Of the various options, the main items designated for the deep-freeze at Rossmoor were a science lab and a computer lab. However, a parents group that has raised money in recent years mounted its white horses again and ponied up enough to save the science lab.

That brings us to the present, with the computer lab left, literally, in the dark.

“It’s pretty much gathering dust,” Telfer said last week.

It may be hard for some of us old-timers to realize it, but computer training is no longer a frill. The 3 R’s are still great, but computer ignorance in this day and age puts a kid behind the 8-ball.

It’s not as though Rossmoor’s computer lab is state-of-the-art.
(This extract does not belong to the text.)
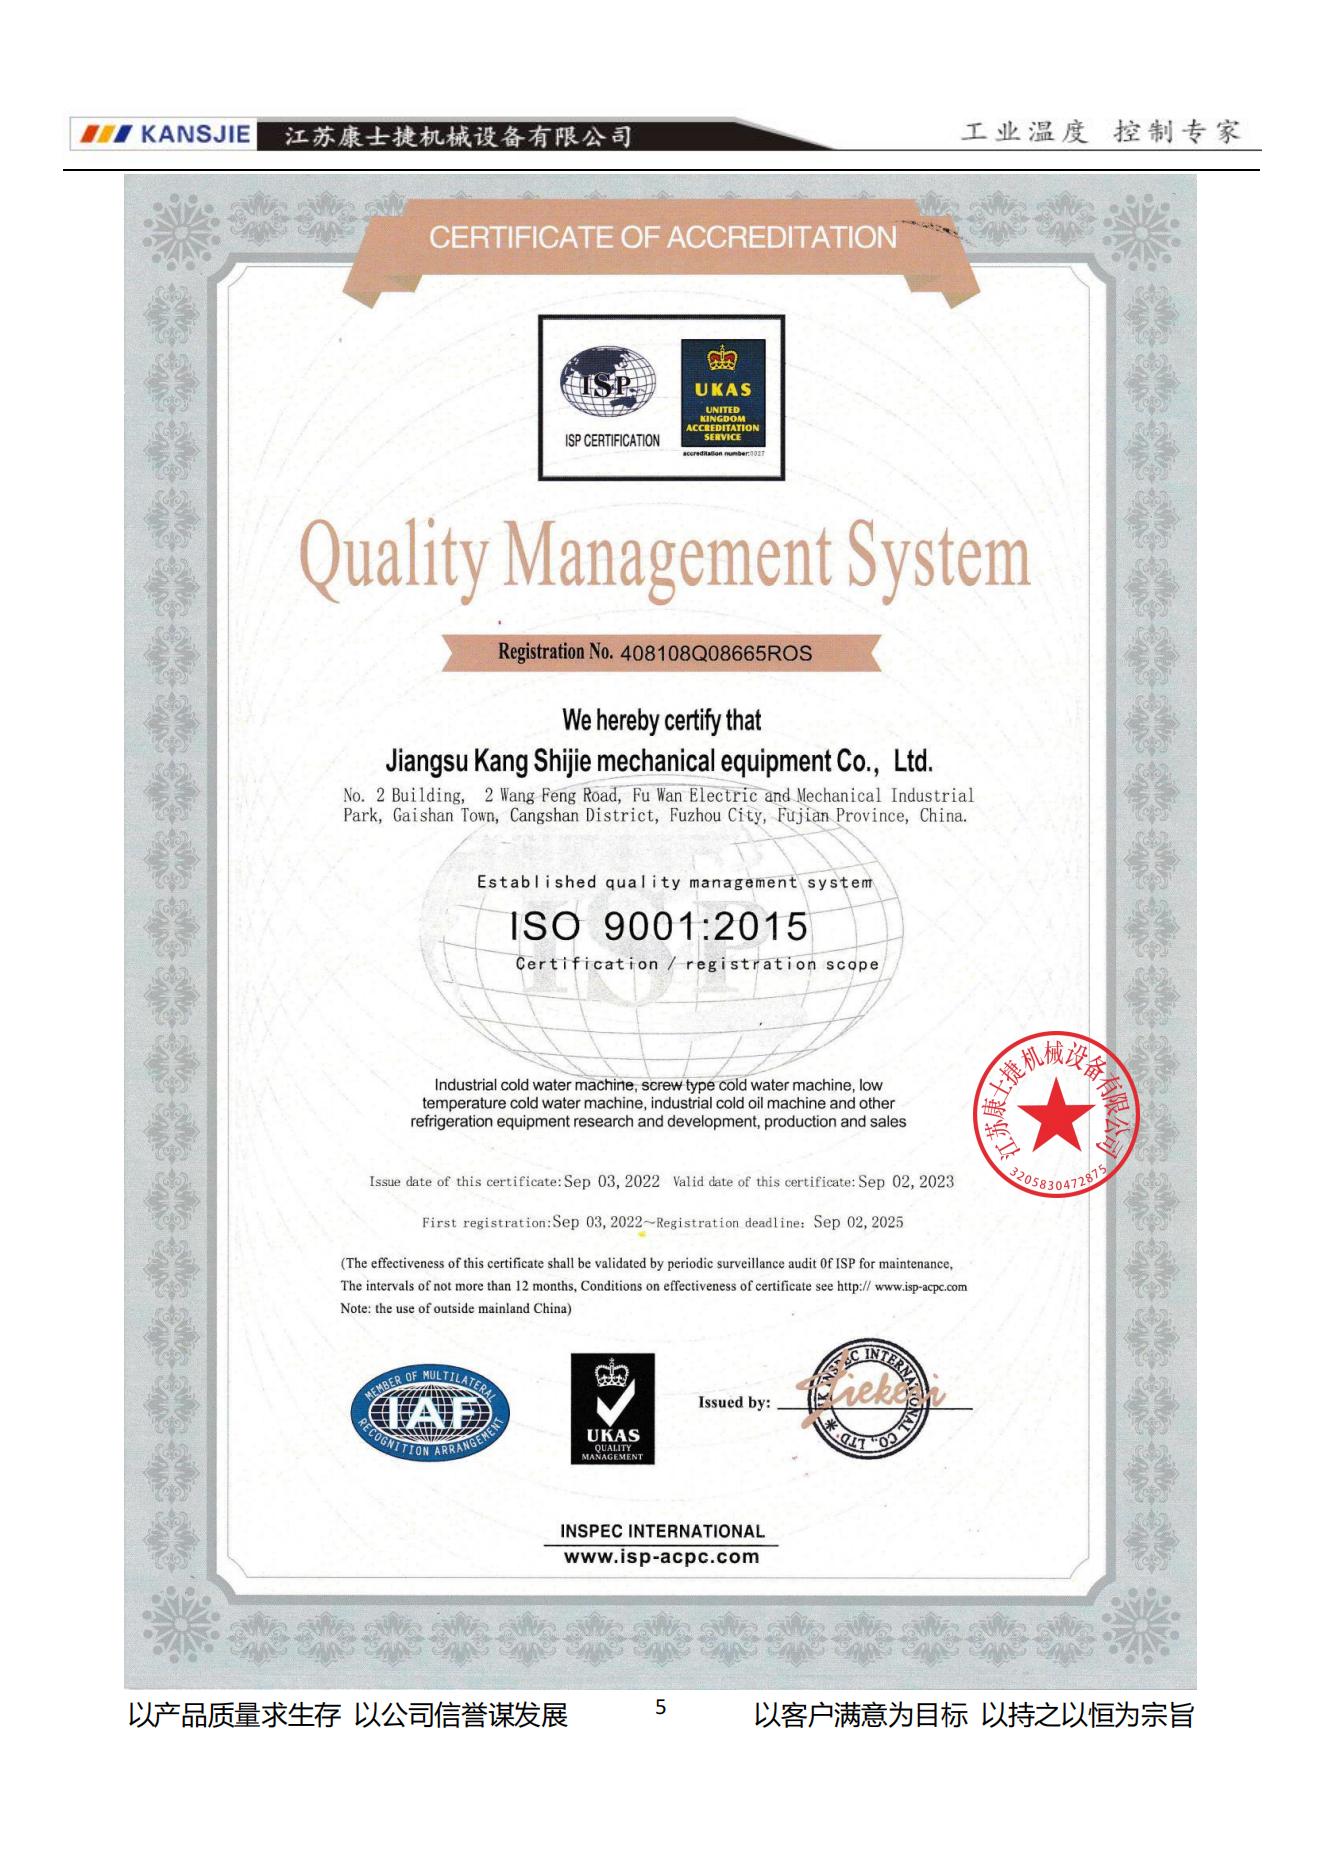 IOS9001质量管理体系证书

It consists of 18 aging Apples, all at least 10 years old. The software is educational in nature and coordinated with the curriculum. Kids don’t go in there to play Nintendo.

“The concept of having kids using a computer is crucial to our program,” Telfer said. The school got a state grant last year that opened up every classroom to a wide range of video equipment and instructional tapes, but the inability of the students to retreat to the computer lab leaves a “big hole,” Telfer said.

“The interesting thing is that the cuts have been coming year after year, but because they’ve been so far away from the actual classrooms, most districts have absorbed them. People think life is going on as normal, but the last couple of years they’re getting into the heart of the instructional program.”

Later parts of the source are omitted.